Tip sat down on a straight-backed chair and held his dripping Stetson between his legs. “It ain't any more,” he said with mild truculence.

The three of them stared levelly at each other, and then Sheriff Ball said hotly, “Will you get out of here, mister?”

“No.” Tip grinned faintly, challenging them both.

It was the man in the black suit who moved first. He said, “I'll be back later.”

“No. I'll stop in at the bank later, Joerns.”

Joerns went out, and Tip sat there while Ball swung around to face him. “Now what do you want?” Ball said bluntly, unpleasantly.

“Help.”

“You won't get it from me. On what?”

“A friend of mine came in here last spring, Sheriff. Two months later his body was found about six miles out on the south road.”

“You mean Blackie Mayfell, that prospector?”

Tip nodded.

The sheriff said, “Well?”

“What happened to him?”

“He was shot in the back.”

“I read that,” Tip said. “I wondered who shot him and why?”

“If I knew I'd arrest him,” Sheriff Ball said bluntly.

And that,
Tip thought,
is the first lie you've told me.
He said aloud, pacifically, “But you must have some idea.”

Sheriff Ball's eyes were plainly hostile now. “And if I have, can you give me a good reason for telling you?”

Tip's temper was edging him, but he kept his voice unruffled. “No. I was just Blackie's friend, that's all.”

“There's been a man in here who wasn't even Blackie's friend and he wanted to know, too,” Ball said meagerly.

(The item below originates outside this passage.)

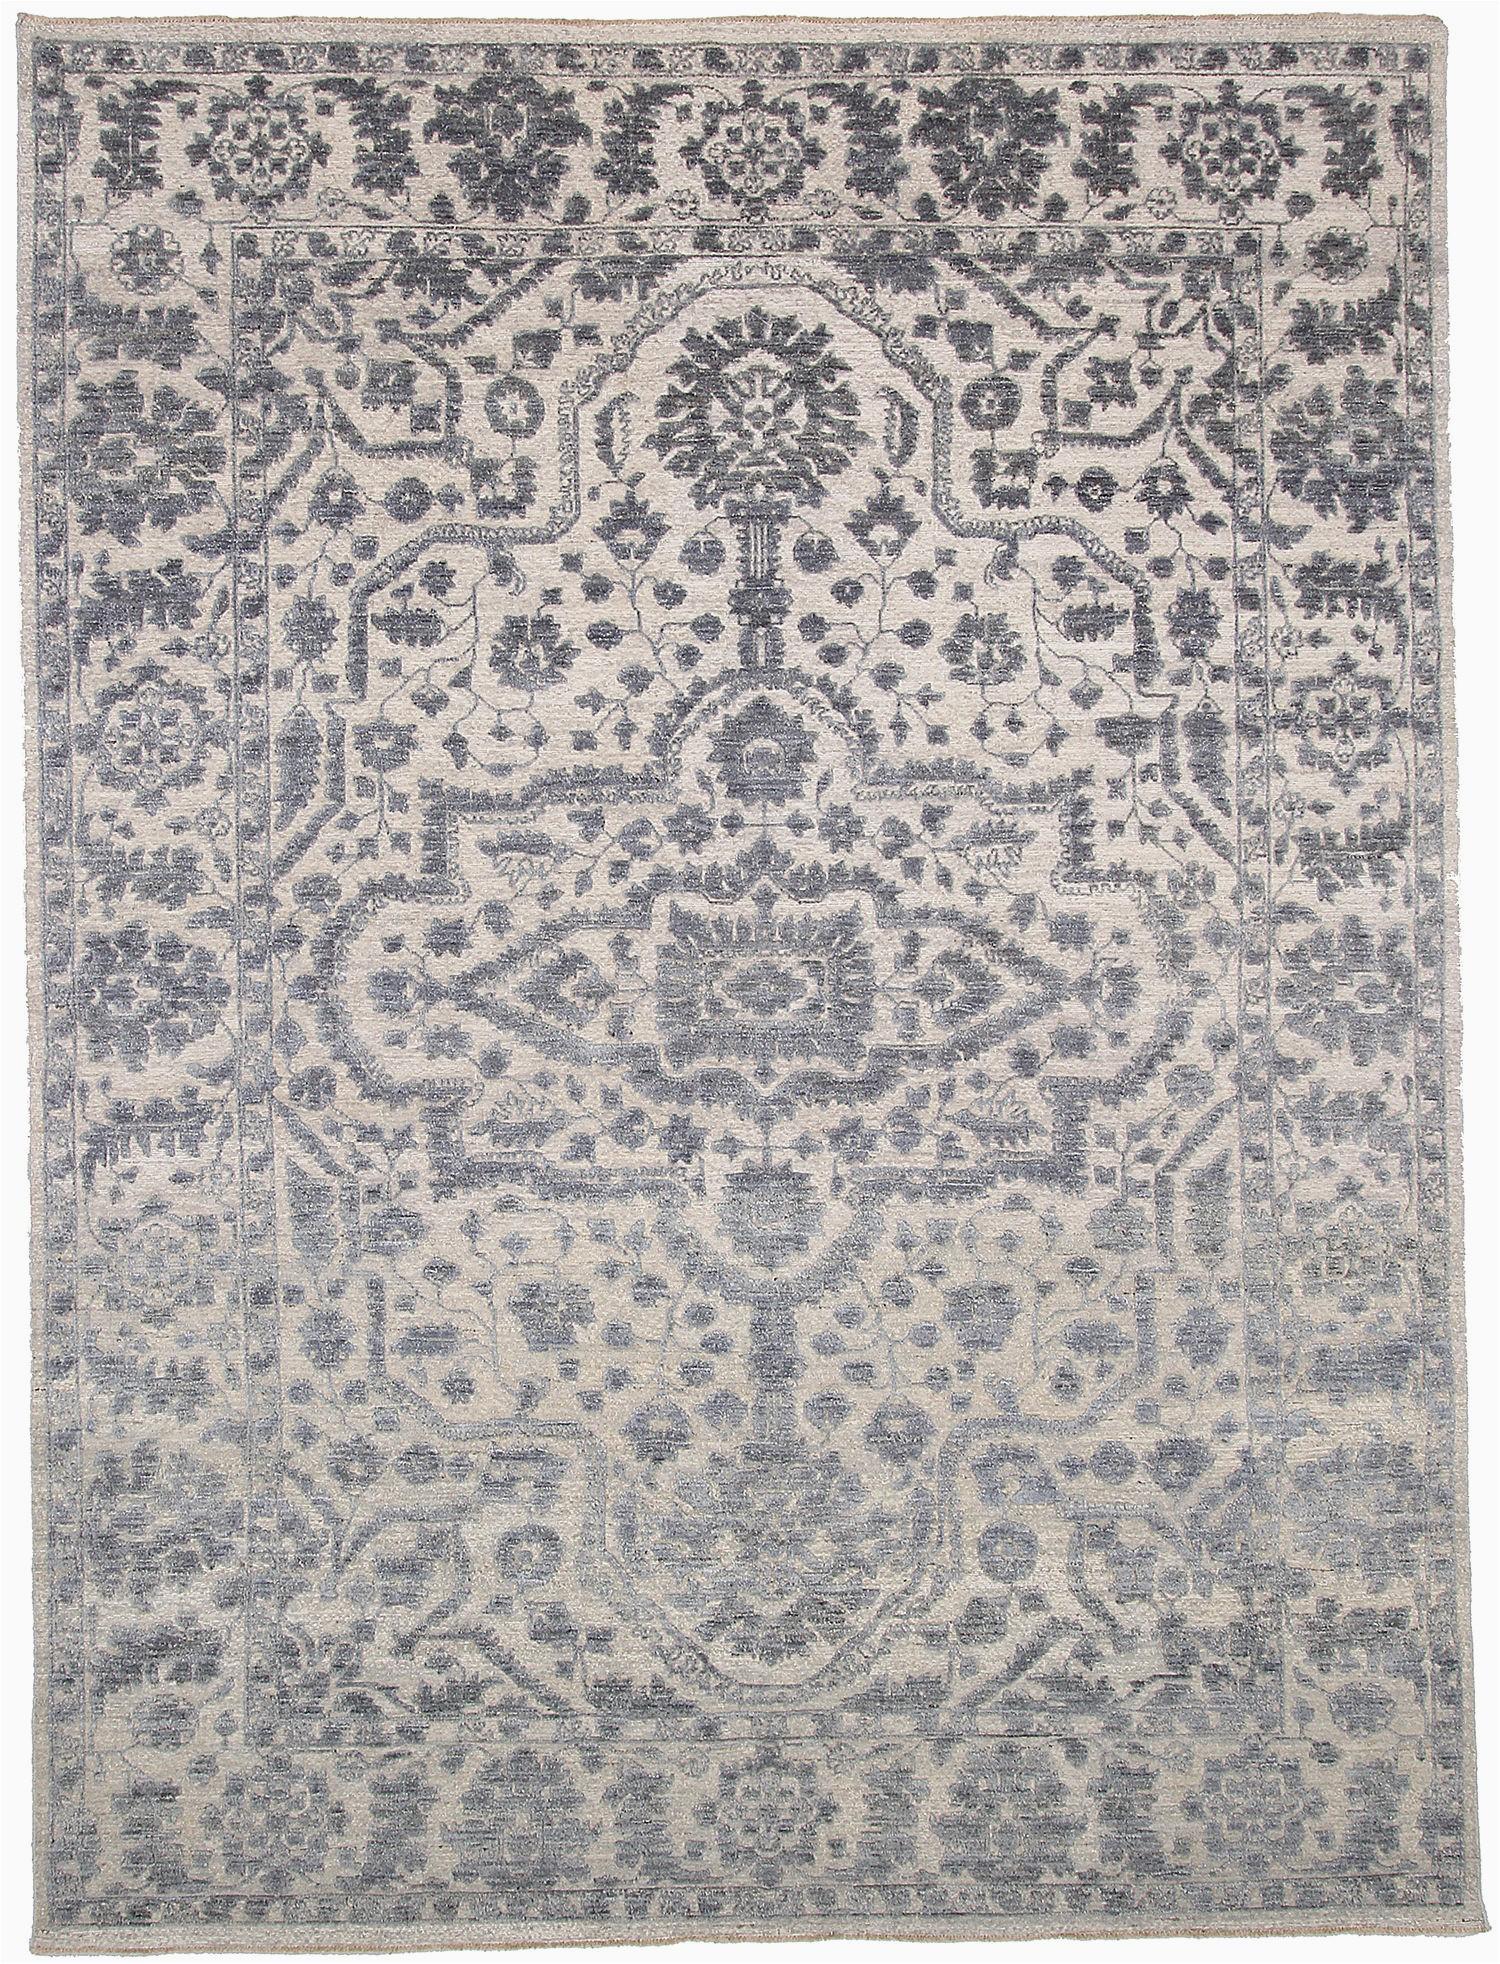 9x12 ft pakistani hand knotted blue wool sku

Tip looked levelly at him. “I heard about him, too.”

“Then you better think awhile about what happened to him,” Ball said belligerently.

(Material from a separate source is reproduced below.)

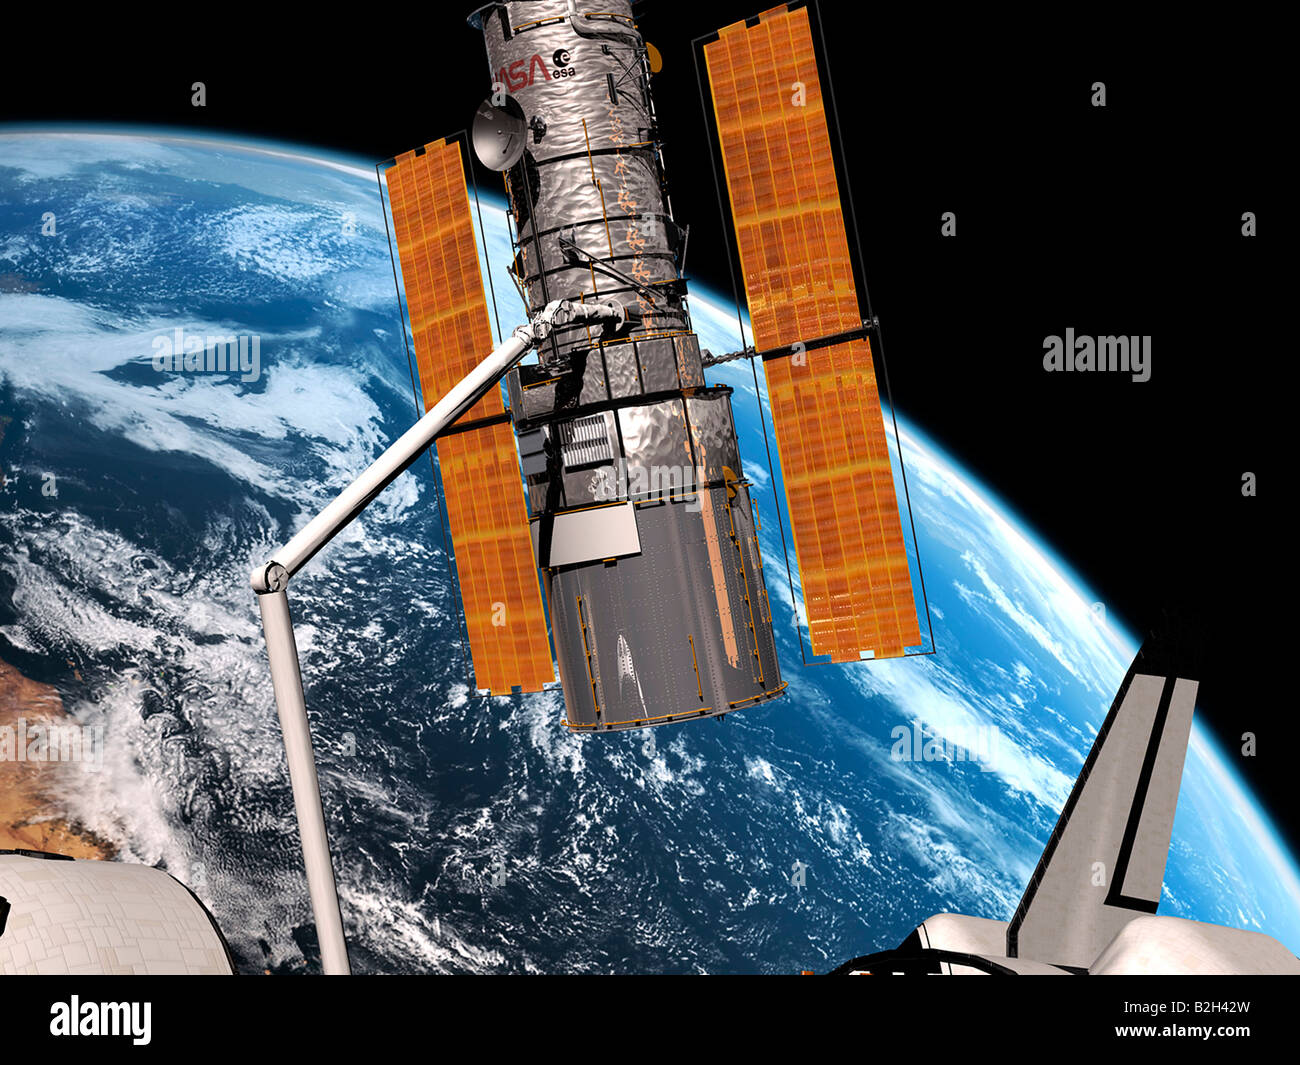 space shuttle hubble - photo #11

Tip said quietly, “Is that a threat?”

“Yes,” Ball said immediately. He leaned forward a little, his eyes bleak. “There's no law in this county says I have to invite marshals in here to snoop. There's no law here says I got to give them any help. And I never asked for help.” He leaned back. “We get along all right here. I was elected to office to carry out the will of the people.”

“And that lets you stand by and let six men try to kill a drunk not a block from your office.”

Surprisingly enough, the sheriff answered without heat, “Yes. That appears to be the will of my constituents.”

Tip stood up. “Then everything I find out about Blackie's killer, I have to dig up myself?”